The acknowledgments conundrum

You'd think after writing a 300-page book, half a page more of acknowledgments would be trivial. I'm not likely to write many--this story gestated for forty years, in handwritten notes, typewriters, and across generations of computers--so I want to get it right.

I started a list of who I wanted to thank, and added names to it impressionistically. The obvious family, friends, readers. Then less obvious people who'd been kind. I made it a point to include as many of those people as I could remember, even strangers in random moments. The guy in our building who had a car at 16, and made time to take us younger kids to the community pool. A girl whose name I didn't even know, who saw me crying on the schoolyard one day and came over to make sure I was okay. Musicians and writers who inspired me. Why not?

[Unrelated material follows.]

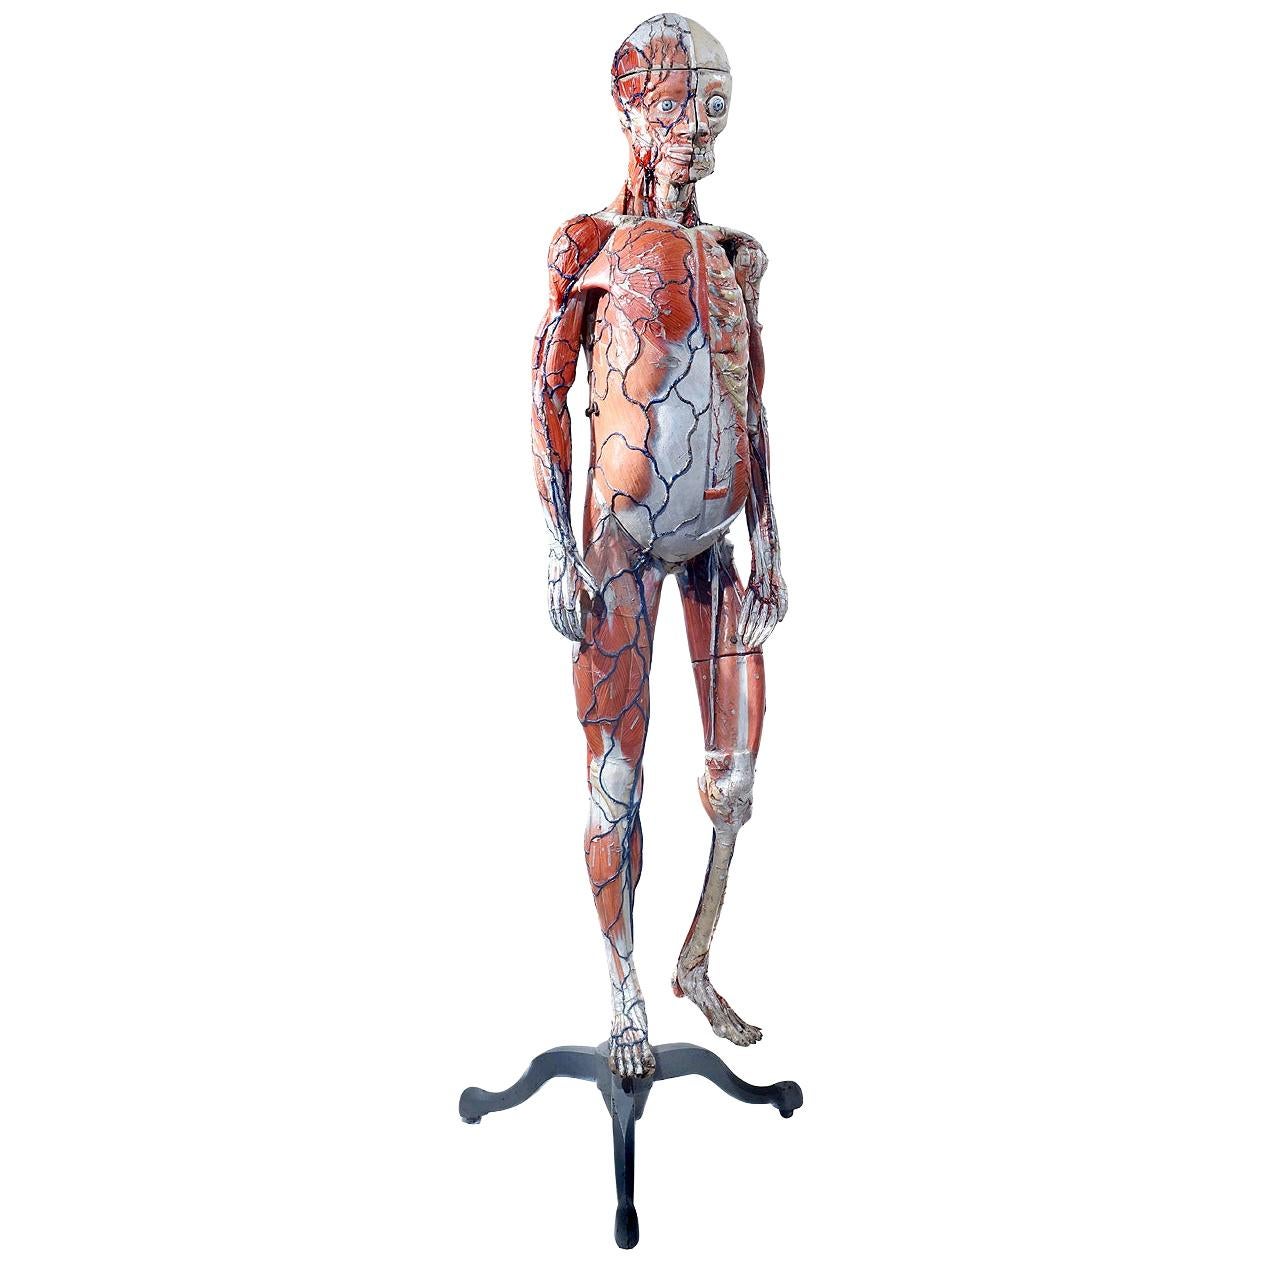 Rare 1800s Dr. Auzoux Anatomical Model

The list got to two hundred entries and I wasn't nearly done. I know acknowledgments are personal and can take many forms, but I'm pretty sure they're not supposed to be a list of the bands and books I think are cool, plus everyone in my life who was ever nice to me.

I tried to whittle the list with selection criteria, but trying to enumerate and rank people’s tangible and intangible contributions across so many years just felt wrong. I'm now leaning against including acknowledgments at all, and instead just leave the reader with the story's final lines.

But whether acknowledgments make it into the book or not, this experience did help me figure out the essence of what I want to say:

If you’ve been kind, to me or around me, in large ways or small, personally or professionally, for years or moments. Thank you. It mattered. You matter. You’re probably in here somewhere.